Accordingly, Plaintiff failed to timely file this action, and it is therefore subject to dismissal.
Conclusion
Based on the foregoing, it is recommended that the Defendants' motions to dismiss be granted, and this case dismissed.
The parties are referred to the Notice Page attached hereto.
/s/_________
Bristow Marchant
United States Magistrate Judge April 13, 2017
Charleston, South Carolina
Notice of Right to File Objections to Report and Recommendation
The parties are advised that they may file specific written objections to this Report and Recommendation with the District Judge. Objections must specifically identify the portions of the Report and Recommendation to which objections are made and the basis for such objections. "[I]n the absence of a timely filed objection, a district court need not conduct a de novo review, but instead must 'only satisfy itself that there is no clear error on the face of the record in order to accept the recommendation.'" Diamond v. Colonial Life & Acc. Ins. Co., 416 F.3d 310 (4th Cir. 2005) (quoting Fed. R. Civ. P. 72 advisory committee's note).

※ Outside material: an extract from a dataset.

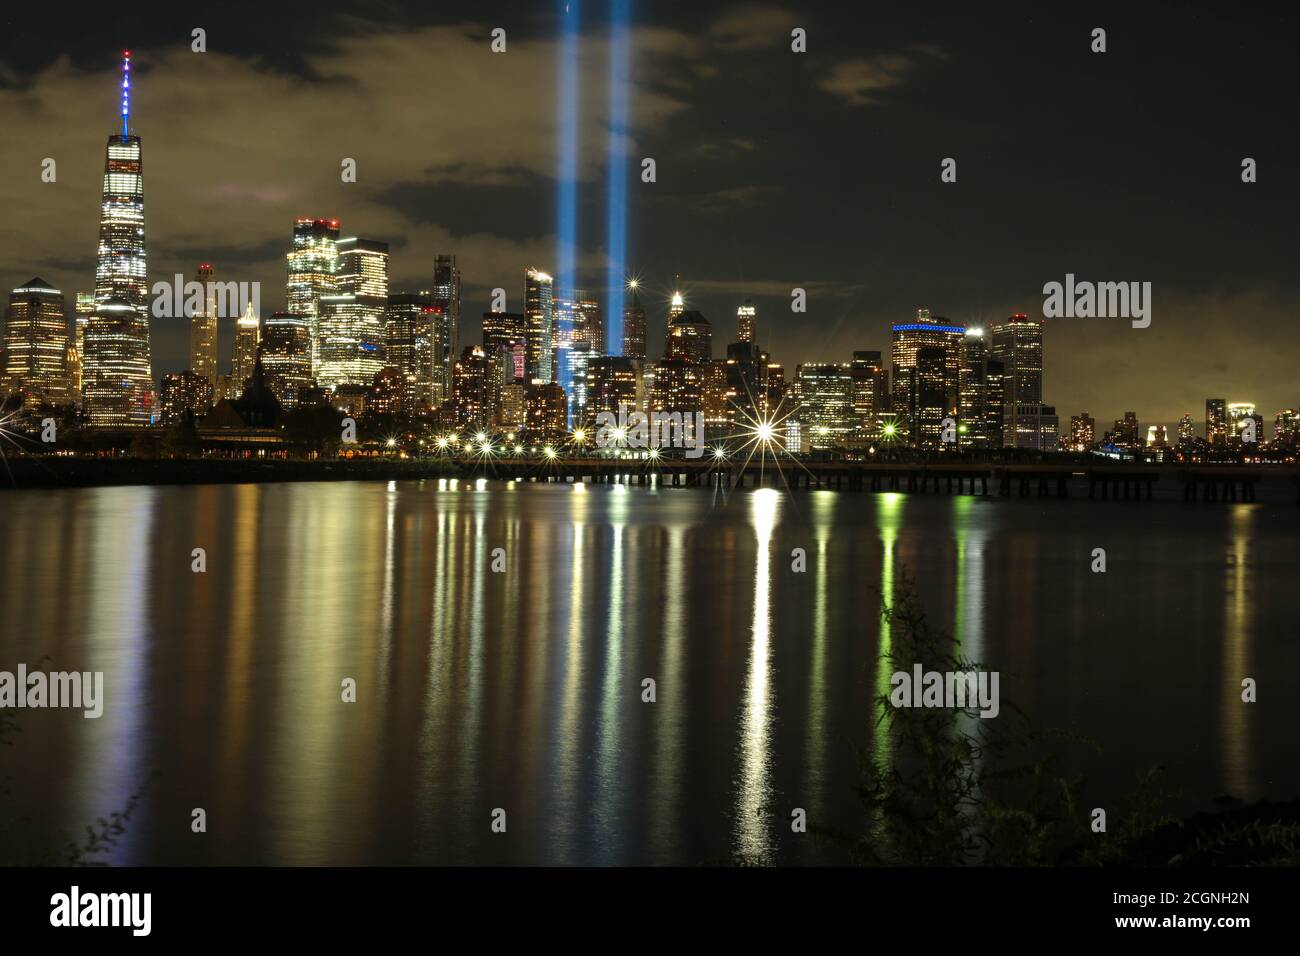 Photos taken on 911 WTC memorial Stock Photo

Specific written objections must be filed within fourteen (14) days of the date of service of this Report and Recommendation. 28 U.S.C. § 636(b)(1); Fed. R. Civ. P. 72(b); see Fed. R. Civ. P. 6(a), (d). Filing by mail pursuant to Federal Rule of Civil Procedure 5 may be accomplished by mailing objections to:
Robin L. Blume, Clerk
United States District Court
Post Office Box 835
Charleston, South Carolina 29402
Failure to timely file specific written objections to this Report and Recommendation will result in waiver of the right to appeal from a judgment of the District Court based upon such Recommendation. 28 U.S.C. § 636(b)(1); Thomas v. Arn, 474 U.S. 140 (1985); Wright v. Collins, 766 F.2d 841 (4th Cir. 1985); United States v. Schronce, 727 F.2d 91 (4th Cir. 1984).